Using only the entries below, copy exactly the lines that begin at the one with "Resume CV | Pinterest | Modelo cv y Modelo" and end at the one with "Spa & Wellness", both included. Drop the pictures.

:: PROVIDED DATA ::

────────────────────

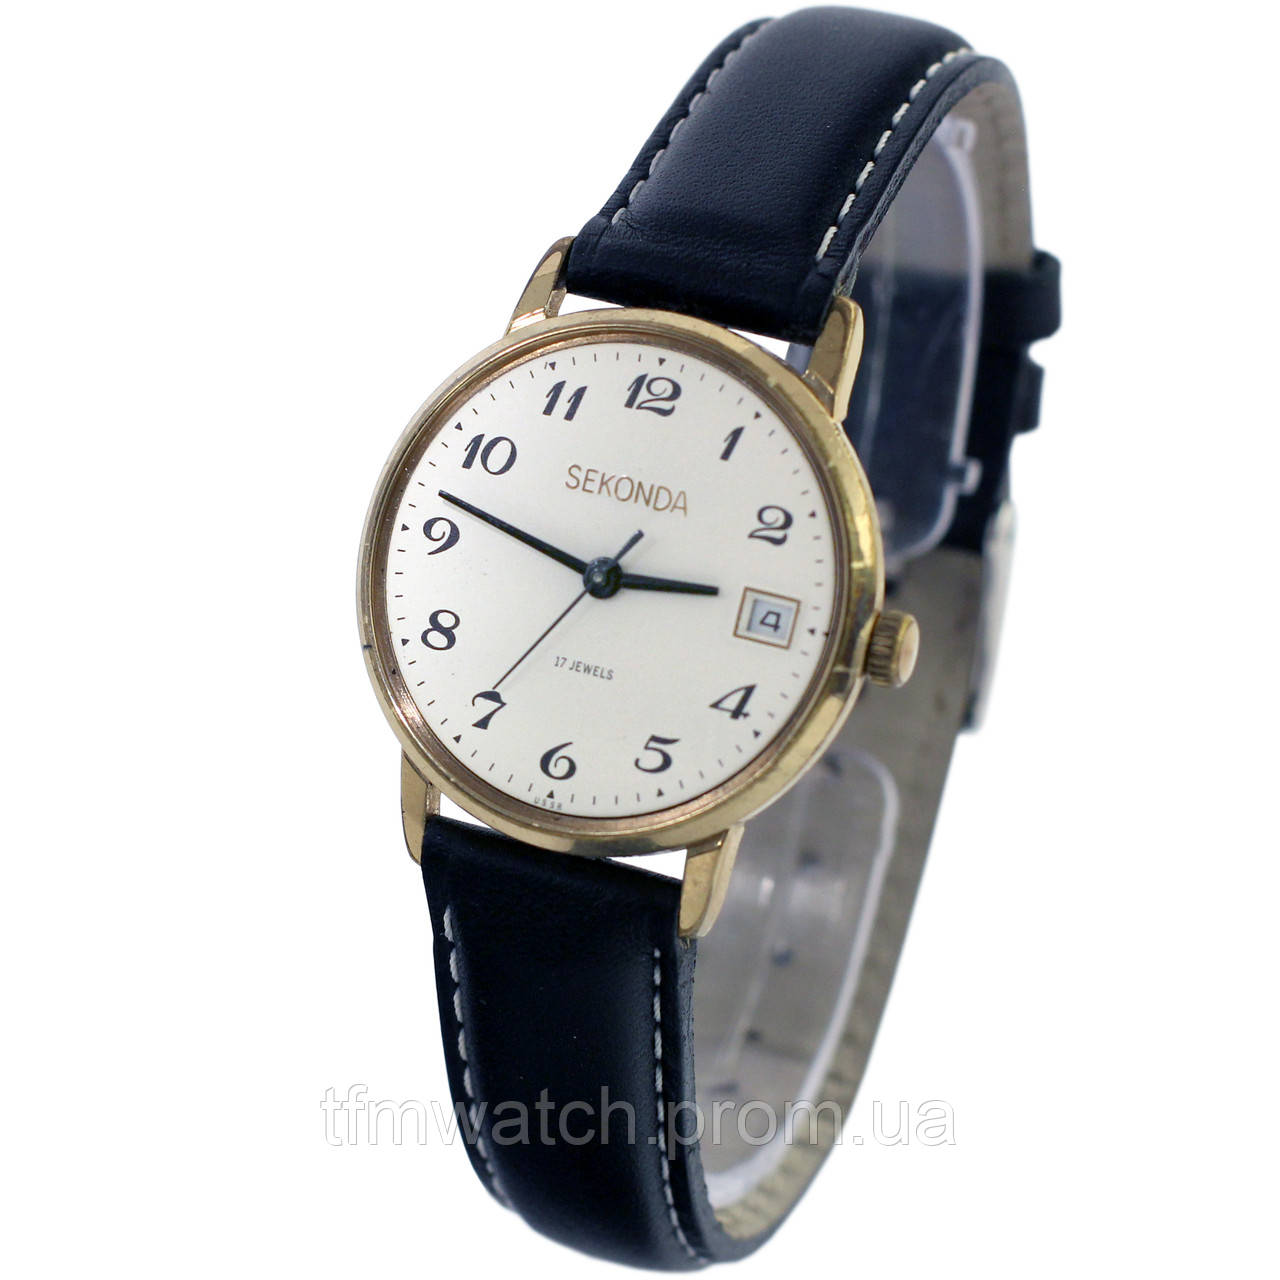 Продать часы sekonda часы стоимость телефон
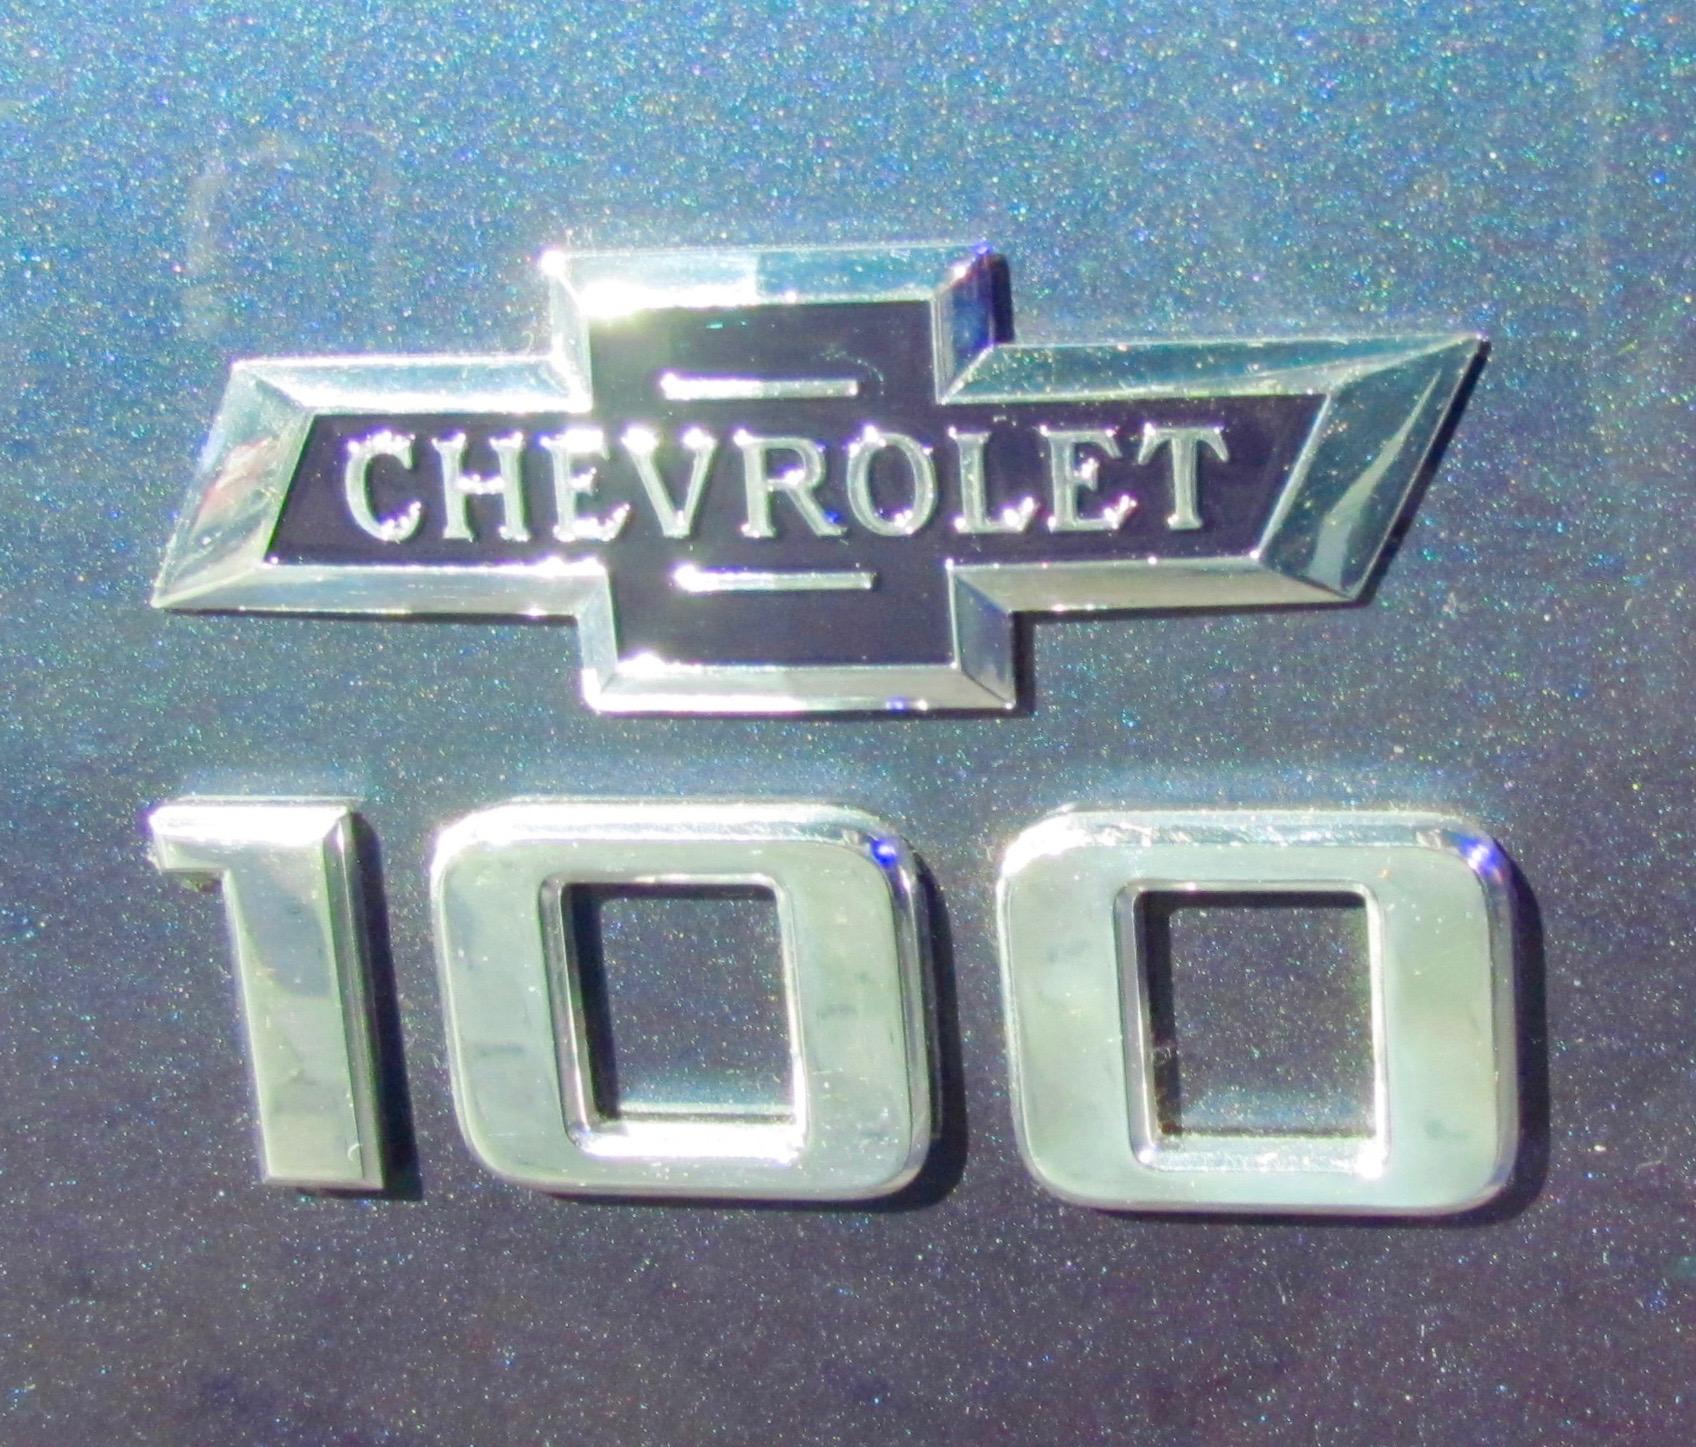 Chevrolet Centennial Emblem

────────────────────

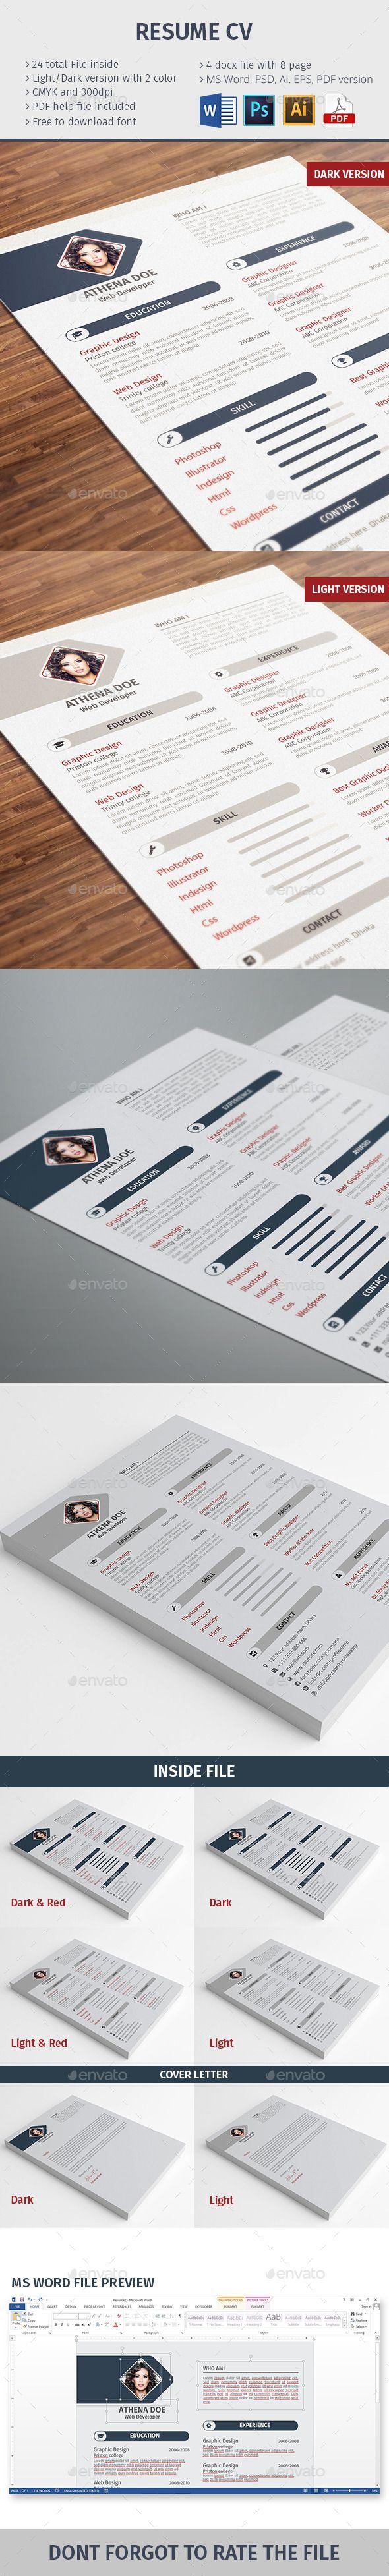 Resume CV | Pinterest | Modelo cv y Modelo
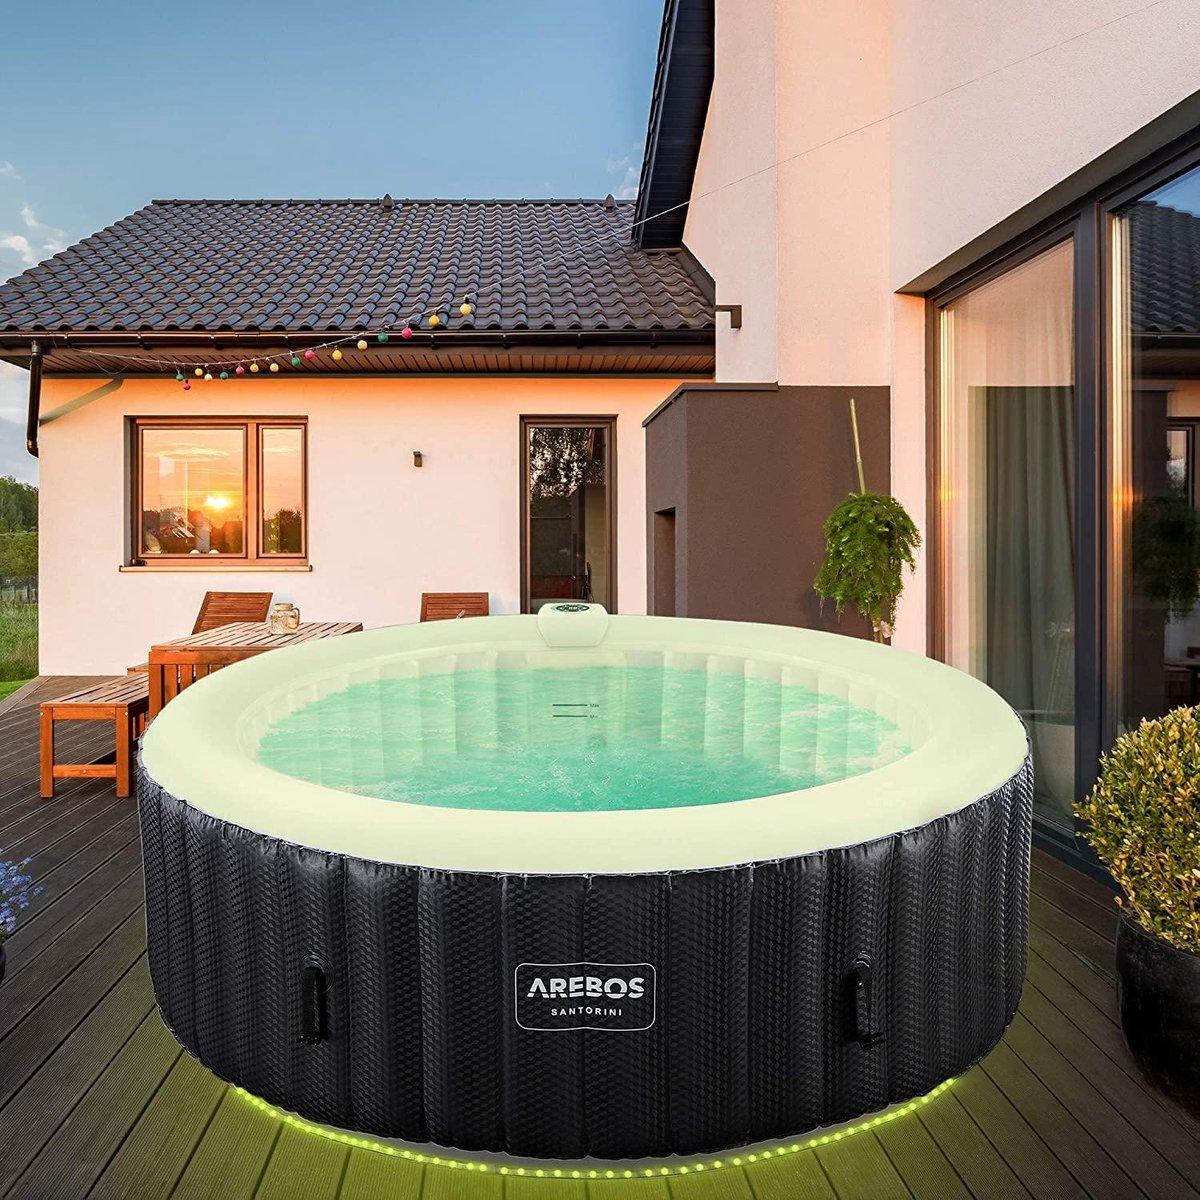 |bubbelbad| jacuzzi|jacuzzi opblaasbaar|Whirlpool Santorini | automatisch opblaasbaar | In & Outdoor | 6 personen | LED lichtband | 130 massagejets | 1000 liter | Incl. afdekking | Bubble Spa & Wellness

────────────────────

:: OUTPUT FOR THIS EXERCISE ::
 Resume CV | Pinterest | Modelo cv y Modelo
 |bubbelbad| jacuzzi|jacuzzi opblaasbaar|Whirlpool Santorini | automatisch opblaasbaar | In & Outdoor | 6 personen | LED lichtband | 130 massagejets | 1000 liter | Incl. afdekking | Bubble Spa & Wellness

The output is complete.